Ko Un's counterpart has not yet emerged--or been allowed to emerge-- in North Korea. The Soviet bloc was rich with the samizdat of dissident poets and the semi-official work of writers during one thaw or another. North Korea has none of that. Even among the several thousand North Koreans who live in South Korea, no literary work has appeared (though one defector has written a musical about the North Korean prison labor camp at Yodok). Very little of the official literature has even been translated into English. One novel, Han Sorya's Jackals, has appeared, as have several short stories. Since North Korean author Hon Sok-jung's novel Hwangjini won a prestigious South Korean prize in 2004 and official North Korean literature is more available in the South, some of this work might soon make its way into English.
In the meantime, we are left with a tantalizing glimpse of literary changes afoot in North Korea in a 1999 story nimbly translated by Stephen Epstein and published in a recent issue of the online magazine Words Without Borders. Han Ung-bin's "Second Encounter" draws on the usual North Korean boilerplate about building a strong and prosperous nation. But Han also alludes to the hardships of the famine years of the mid-1990s. And most of the story involves an encounter during a 1989 youth festival in Pyongyang between a foreign journalist and a literal-minded North Korean, mediated by the story's narrator. The misunderstandings are nearly comic, for the journalist can't quite believe that this average North Korean might live an ordinary life with an ordinary job and family, in a society with functioning schools and hospitals, with soft drinks for the kids and trips to the amusement park.
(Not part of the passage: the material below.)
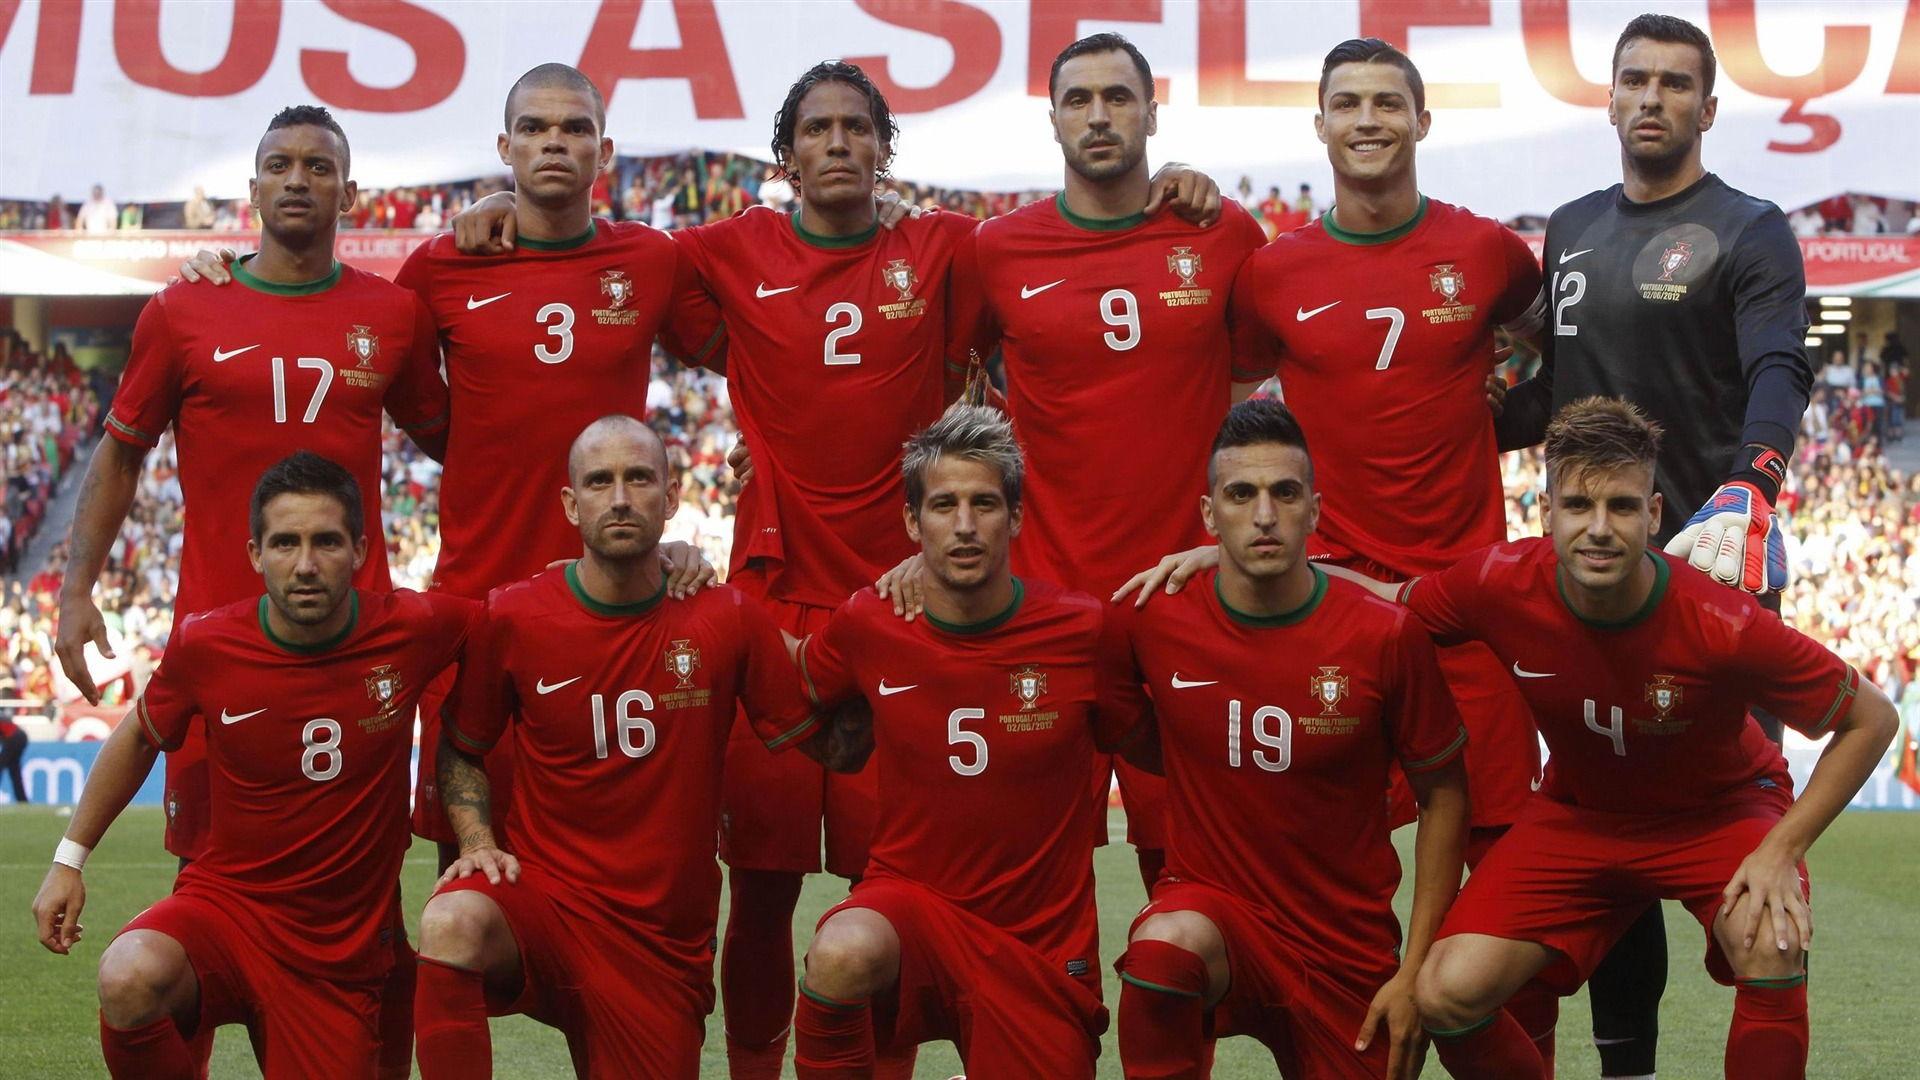 14 Portugal Football Team Wallpapers 538 Portugal 1920x1080

Such an ordinary existence was once within reach. North Korea's social system suffered enormous strains during the famine years. Schools and hospitals did not function as before. The merry-go-rounds rusted. "We have lost nothing," the narrator reflects upon the intervening years, referring more to patriotic fervor than material comforts. But North Koreans might read wistfulness or even concealed anger into Han's story. "Second Encounter" lends itself to more than one interpretation, which suggests a movement from simple propaganda toward actual literature.
It is still a far cry, of course, from an appraisal of North Korea's labor camps, extrajudicial killings, history of purges and the like. This catharsis, whenever it comes, will be unspeakably painful. Korean novelists, poets and short-story writers have mined the atrocities of the colonial period, the Korean War and the South's authoritarian era. These are, unfortunately, rich veins. When North Koreans can openly testify like the ghosts of The Guest, when the han of North Koreans is given proper voice, when a North Korean Ko Un can tell us about the people and not just the People, Korean literature will have a fresh infusion of horror and inspiration.